EXERCISE: Among the entries below, take the line with "31 oktober 1958." and the line with "Rawlings 11 Inch Baseball Glove.", and output them and every line between them exactly, with nothing else.

EXTRACTED INFORMATION:
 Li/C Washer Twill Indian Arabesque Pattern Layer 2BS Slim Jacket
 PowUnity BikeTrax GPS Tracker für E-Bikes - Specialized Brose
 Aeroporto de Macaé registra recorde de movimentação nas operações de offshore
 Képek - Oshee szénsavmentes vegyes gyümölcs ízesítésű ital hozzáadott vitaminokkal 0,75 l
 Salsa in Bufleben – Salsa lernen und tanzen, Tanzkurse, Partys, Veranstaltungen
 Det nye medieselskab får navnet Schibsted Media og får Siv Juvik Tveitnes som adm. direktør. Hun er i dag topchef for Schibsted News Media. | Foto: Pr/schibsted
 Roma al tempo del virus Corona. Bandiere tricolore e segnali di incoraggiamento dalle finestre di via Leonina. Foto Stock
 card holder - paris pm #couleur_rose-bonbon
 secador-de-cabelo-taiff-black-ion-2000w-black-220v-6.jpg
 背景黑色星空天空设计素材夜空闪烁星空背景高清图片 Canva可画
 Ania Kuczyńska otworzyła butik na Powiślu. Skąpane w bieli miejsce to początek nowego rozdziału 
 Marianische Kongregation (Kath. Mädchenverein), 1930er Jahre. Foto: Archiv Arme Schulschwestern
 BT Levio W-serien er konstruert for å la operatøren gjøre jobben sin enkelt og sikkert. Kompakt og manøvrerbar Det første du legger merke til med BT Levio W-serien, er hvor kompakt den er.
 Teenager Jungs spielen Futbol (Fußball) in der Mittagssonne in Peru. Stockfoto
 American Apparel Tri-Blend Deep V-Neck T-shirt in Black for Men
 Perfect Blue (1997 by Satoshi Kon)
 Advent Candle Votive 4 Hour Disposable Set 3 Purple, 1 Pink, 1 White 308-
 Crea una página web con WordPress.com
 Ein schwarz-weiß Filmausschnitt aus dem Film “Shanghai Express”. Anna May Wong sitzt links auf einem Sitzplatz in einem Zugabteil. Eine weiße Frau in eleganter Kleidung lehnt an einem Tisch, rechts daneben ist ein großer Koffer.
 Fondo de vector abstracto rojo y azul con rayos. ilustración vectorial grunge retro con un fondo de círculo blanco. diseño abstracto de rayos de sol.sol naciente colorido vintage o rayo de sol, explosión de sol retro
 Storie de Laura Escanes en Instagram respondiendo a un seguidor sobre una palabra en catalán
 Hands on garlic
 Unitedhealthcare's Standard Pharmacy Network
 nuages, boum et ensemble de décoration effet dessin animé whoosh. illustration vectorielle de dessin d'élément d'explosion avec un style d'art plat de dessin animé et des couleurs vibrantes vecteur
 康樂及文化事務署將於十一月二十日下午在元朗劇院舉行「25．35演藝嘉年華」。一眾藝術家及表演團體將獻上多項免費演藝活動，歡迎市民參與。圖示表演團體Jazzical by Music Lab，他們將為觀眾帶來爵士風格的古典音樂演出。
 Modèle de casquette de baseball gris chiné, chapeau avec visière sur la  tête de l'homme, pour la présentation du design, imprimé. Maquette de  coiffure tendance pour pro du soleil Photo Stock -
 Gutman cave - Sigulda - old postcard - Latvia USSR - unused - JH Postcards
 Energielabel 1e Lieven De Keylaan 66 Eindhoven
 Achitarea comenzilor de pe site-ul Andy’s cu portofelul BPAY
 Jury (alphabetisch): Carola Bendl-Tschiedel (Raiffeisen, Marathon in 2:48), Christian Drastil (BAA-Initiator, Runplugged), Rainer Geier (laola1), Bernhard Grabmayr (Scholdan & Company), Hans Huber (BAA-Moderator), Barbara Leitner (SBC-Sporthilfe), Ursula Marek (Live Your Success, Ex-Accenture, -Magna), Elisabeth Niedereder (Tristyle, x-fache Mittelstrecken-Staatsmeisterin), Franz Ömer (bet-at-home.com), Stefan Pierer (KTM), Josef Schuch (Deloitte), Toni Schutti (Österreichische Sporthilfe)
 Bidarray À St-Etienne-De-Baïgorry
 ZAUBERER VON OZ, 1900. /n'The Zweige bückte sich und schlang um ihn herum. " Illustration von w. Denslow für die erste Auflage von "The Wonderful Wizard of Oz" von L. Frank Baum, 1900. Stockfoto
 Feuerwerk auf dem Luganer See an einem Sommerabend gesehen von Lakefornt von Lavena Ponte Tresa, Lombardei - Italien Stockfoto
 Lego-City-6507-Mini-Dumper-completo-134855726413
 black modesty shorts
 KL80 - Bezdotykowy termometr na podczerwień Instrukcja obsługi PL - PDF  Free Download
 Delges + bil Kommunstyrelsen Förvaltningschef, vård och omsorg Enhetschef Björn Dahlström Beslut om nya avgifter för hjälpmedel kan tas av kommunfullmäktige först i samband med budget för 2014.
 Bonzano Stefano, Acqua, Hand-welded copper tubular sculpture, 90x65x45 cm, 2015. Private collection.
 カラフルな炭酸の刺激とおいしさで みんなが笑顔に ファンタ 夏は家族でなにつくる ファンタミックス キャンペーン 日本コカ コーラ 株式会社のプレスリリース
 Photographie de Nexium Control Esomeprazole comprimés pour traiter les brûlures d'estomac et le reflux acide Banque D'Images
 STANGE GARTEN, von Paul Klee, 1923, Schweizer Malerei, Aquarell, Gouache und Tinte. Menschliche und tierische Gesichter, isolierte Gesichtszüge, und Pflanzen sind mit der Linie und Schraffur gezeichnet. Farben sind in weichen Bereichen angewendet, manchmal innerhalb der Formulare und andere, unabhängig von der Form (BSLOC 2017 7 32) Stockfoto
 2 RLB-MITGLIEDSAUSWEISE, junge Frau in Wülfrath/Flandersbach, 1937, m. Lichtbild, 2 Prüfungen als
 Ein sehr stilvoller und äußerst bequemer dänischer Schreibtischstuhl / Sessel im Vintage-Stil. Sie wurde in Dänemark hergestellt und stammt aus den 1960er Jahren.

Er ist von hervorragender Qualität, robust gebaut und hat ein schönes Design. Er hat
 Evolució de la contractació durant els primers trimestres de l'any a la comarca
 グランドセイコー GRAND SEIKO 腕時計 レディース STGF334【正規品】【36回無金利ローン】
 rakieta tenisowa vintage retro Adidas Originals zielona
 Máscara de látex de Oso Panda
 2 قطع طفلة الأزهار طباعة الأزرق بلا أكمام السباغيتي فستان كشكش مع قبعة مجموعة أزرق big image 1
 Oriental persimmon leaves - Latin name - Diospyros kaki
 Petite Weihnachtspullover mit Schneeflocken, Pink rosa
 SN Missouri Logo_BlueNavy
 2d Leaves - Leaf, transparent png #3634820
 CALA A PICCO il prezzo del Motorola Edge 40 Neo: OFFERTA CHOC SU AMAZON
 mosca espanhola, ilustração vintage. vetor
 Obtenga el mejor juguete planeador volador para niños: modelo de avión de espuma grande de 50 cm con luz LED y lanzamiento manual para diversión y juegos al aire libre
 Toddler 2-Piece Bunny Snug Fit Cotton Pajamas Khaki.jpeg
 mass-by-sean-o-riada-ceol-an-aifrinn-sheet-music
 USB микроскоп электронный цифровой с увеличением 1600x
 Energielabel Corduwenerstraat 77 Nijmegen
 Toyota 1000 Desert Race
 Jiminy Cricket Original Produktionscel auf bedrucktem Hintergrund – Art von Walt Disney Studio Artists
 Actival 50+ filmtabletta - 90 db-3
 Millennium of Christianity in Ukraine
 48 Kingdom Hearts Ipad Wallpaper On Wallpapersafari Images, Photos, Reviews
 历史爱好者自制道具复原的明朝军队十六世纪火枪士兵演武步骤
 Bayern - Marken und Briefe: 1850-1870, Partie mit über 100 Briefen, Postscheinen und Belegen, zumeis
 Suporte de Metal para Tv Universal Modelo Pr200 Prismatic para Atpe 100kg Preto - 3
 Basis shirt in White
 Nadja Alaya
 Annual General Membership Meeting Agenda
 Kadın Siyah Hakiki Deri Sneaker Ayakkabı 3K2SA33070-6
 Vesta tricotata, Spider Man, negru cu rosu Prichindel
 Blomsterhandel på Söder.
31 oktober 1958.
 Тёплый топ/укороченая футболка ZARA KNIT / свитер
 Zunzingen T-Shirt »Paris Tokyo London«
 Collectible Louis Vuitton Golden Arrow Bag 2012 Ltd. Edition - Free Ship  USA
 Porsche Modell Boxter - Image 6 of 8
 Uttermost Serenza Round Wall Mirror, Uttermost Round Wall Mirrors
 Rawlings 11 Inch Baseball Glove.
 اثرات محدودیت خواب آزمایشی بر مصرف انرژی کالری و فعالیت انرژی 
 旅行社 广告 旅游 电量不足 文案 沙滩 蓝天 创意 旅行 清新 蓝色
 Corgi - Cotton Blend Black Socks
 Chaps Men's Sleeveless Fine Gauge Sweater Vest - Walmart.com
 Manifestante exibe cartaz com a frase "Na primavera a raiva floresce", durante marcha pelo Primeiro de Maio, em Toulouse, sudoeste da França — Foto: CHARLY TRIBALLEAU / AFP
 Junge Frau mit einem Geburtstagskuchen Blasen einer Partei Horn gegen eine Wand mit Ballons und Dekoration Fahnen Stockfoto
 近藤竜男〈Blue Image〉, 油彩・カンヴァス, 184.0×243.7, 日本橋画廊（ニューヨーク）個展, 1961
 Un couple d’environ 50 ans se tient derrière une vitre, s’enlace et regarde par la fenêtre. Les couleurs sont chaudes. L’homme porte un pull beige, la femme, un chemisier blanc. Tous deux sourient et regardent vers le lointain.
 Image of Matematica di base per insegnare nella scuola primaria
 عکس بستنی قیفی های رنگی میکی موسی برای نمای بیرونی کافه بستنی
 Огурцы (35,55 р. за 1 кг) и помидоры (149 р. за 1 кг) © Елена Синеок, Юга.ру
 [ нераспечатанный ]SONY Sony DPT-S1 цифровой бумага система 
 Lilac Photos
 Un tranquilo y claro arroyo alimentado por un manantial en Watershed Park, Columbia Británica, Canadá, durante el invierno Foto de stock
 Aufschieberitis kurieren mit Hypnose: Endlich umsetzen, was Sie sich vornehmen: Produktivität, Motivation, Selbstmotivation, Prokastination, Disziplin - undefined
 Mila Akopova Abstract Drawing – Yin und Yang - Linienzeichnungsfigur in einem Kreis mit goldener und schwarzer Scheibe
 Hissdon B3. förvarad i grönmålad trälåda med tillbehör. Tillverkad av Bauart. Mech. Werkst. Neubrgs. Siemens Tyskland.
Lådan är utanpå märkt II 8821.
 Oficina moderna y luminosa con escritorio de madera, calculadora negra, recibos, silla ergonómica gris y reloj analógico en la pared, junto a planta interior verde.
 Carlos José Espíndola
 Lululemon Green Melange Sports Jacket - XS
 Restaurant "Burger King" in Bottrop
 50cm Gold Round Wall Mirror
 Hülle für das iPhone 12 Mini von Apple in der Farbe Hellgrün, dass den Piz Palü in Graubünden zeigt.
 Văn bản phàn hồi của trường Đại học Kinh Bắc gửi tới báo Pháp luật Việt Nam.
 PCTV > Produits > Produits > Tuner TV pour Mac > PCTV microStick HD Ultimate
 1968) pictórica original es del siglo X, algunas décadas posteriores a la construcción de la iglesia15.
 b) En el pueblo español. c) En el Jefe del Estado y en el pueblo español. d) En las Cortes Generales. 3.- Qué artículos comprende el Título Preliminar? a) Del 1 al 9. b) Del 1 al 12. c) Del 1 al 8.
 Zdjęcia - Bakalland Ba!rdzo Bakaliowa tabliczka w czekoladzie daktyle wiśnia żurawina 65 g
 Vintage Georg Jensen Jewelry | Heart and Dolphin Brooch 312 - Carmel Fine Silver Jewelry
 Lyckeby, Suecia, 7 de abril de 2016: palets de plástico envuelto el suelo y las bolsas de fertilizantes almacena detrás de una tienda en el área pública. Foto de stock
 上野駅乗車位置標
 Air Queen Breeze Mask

YOUR SOLUTION:
31 oktober 1958.
 Тёплый топ/укороченая футболка ZARA KNIT / свитер
 Zunzingen T-Shirt »Paris Tokyo London«
 Collectible Louis Vuitton Golden Arrow Bag 2012 Ltd. Edition - Free Ship  USA
 Porsche Modell Boxter - Image 6 of 8
 Uttermost Serenza Round Wall Mirror, Uttermost Round Wall Mirrors
 Rawlings 11 Inch Baseball Glove.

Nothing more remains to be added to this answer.